____ Dataset excerpt
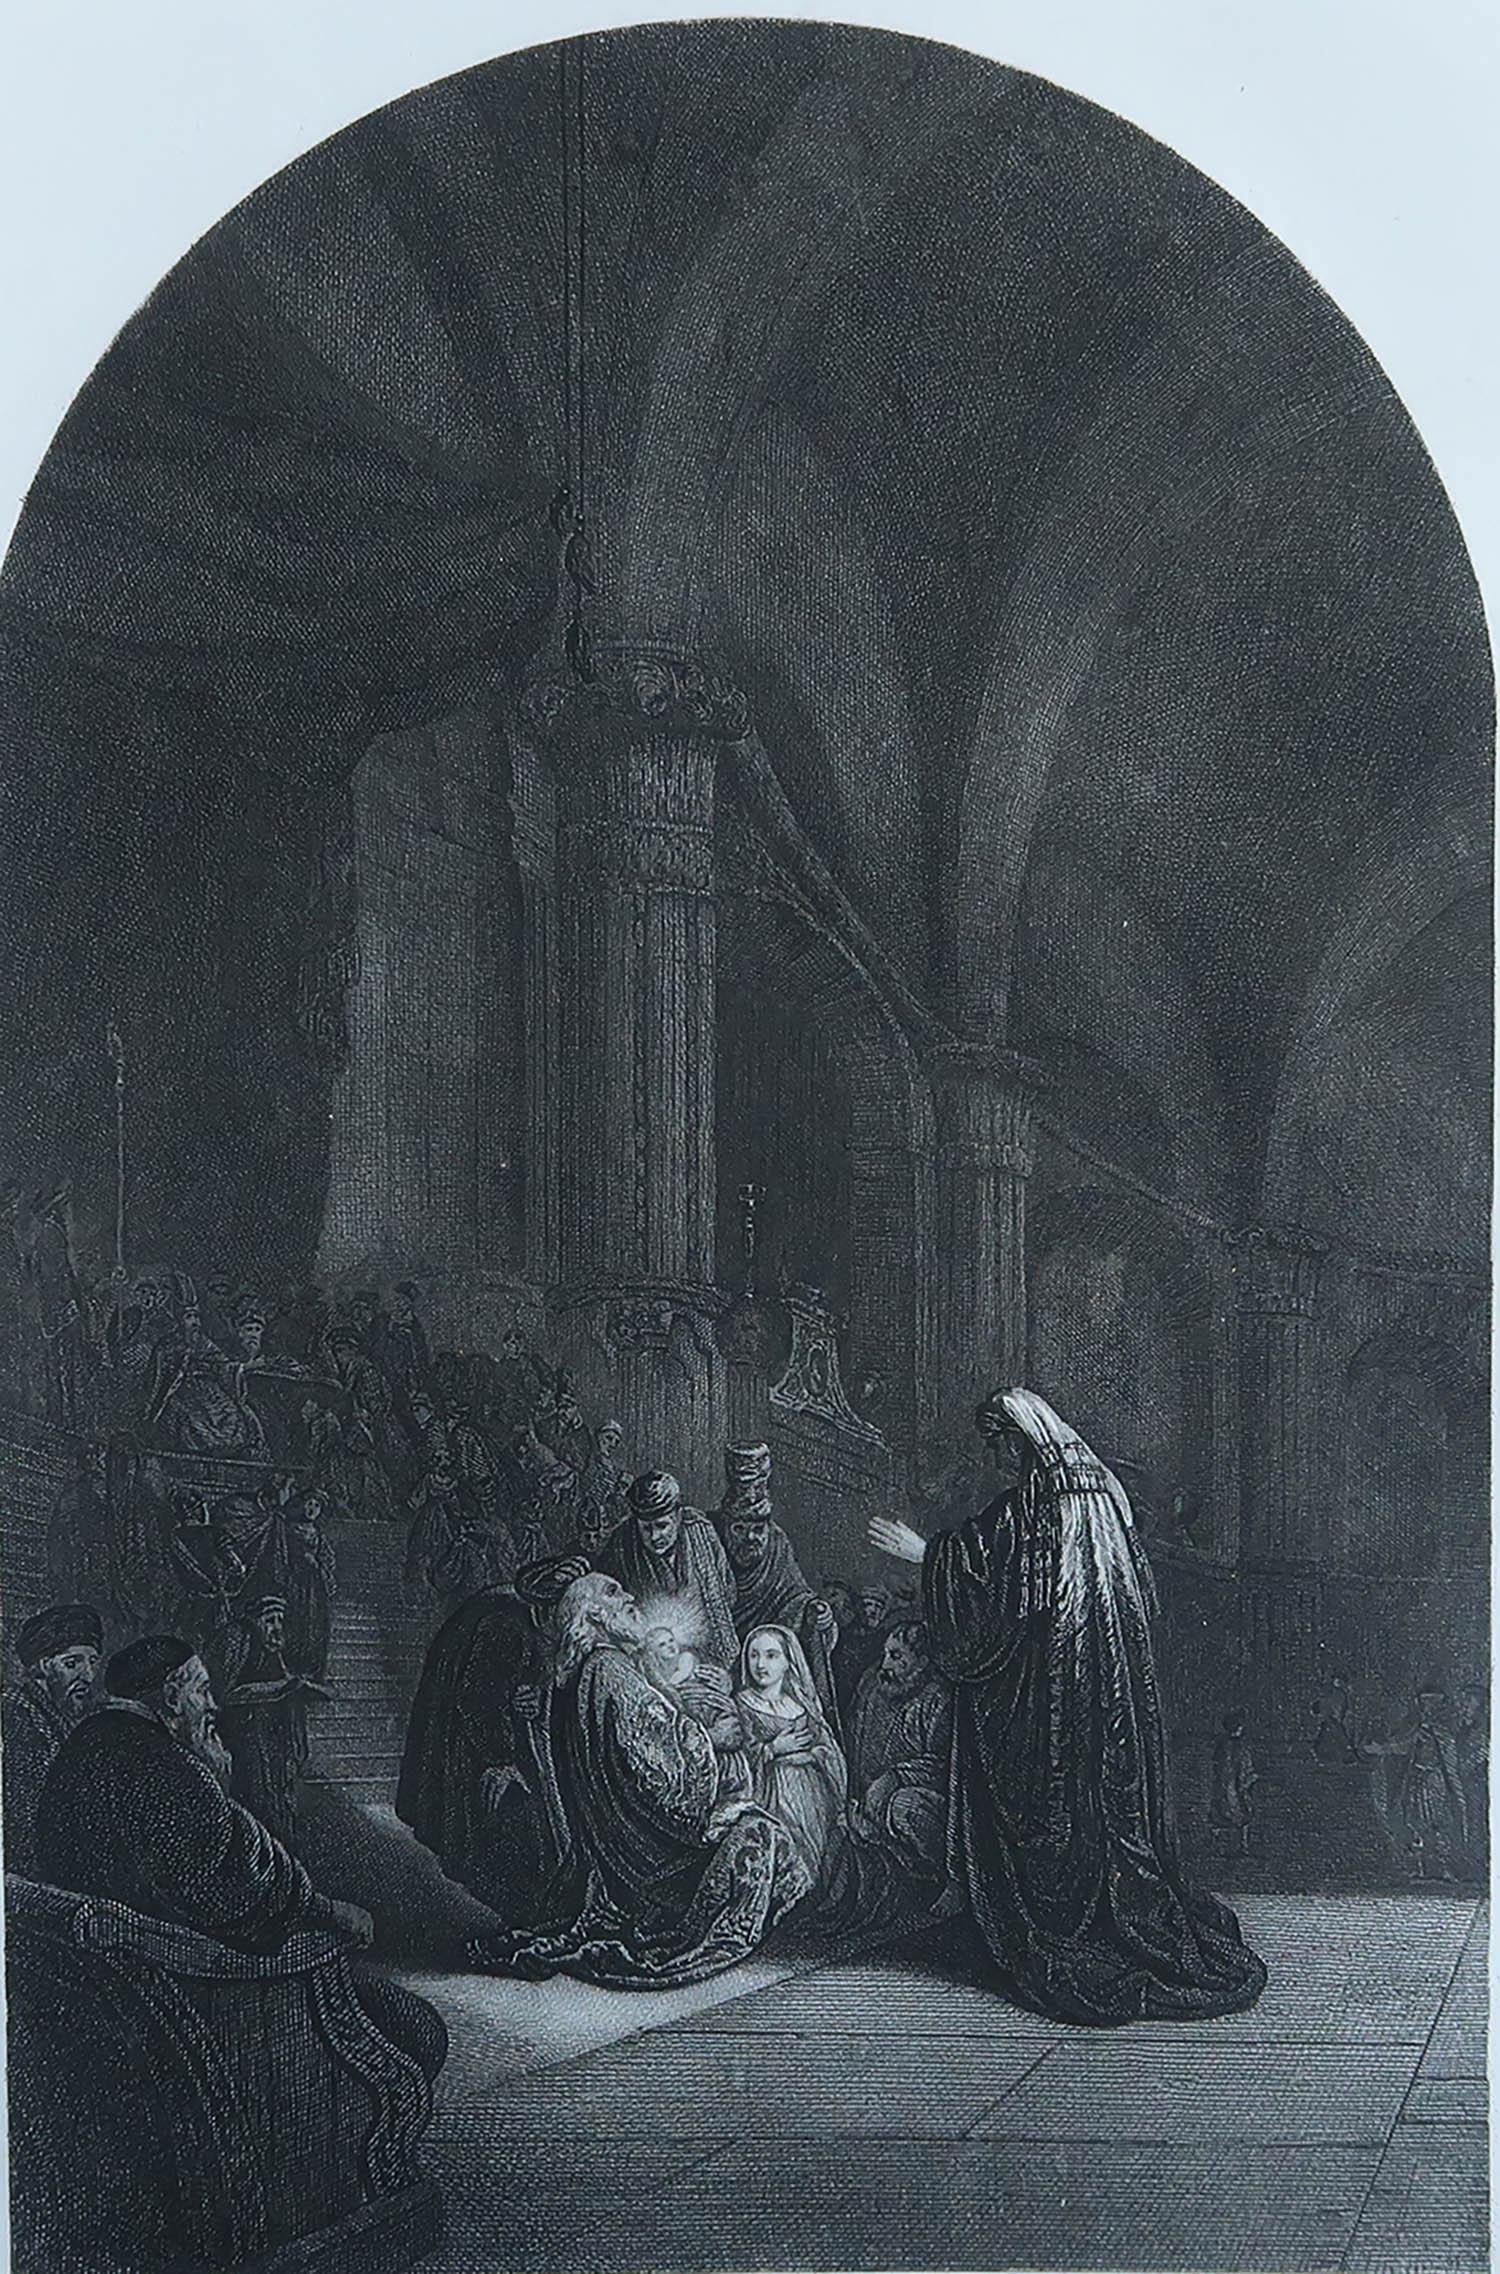 Wunderschönes Bild nach Rembrandt

Feiner Stahlstich. 

Herausgegeben von Blackie & Sons London. C.1850

Ungerahmt.
________
_What is required_
Would you set down exactly the lines from the line with "Herausgegeben von Blackie" through the last one in the material?

_Solution for this problem_
Herausgegeben von Blackie & Sons London. C.1850

Ungerahmt.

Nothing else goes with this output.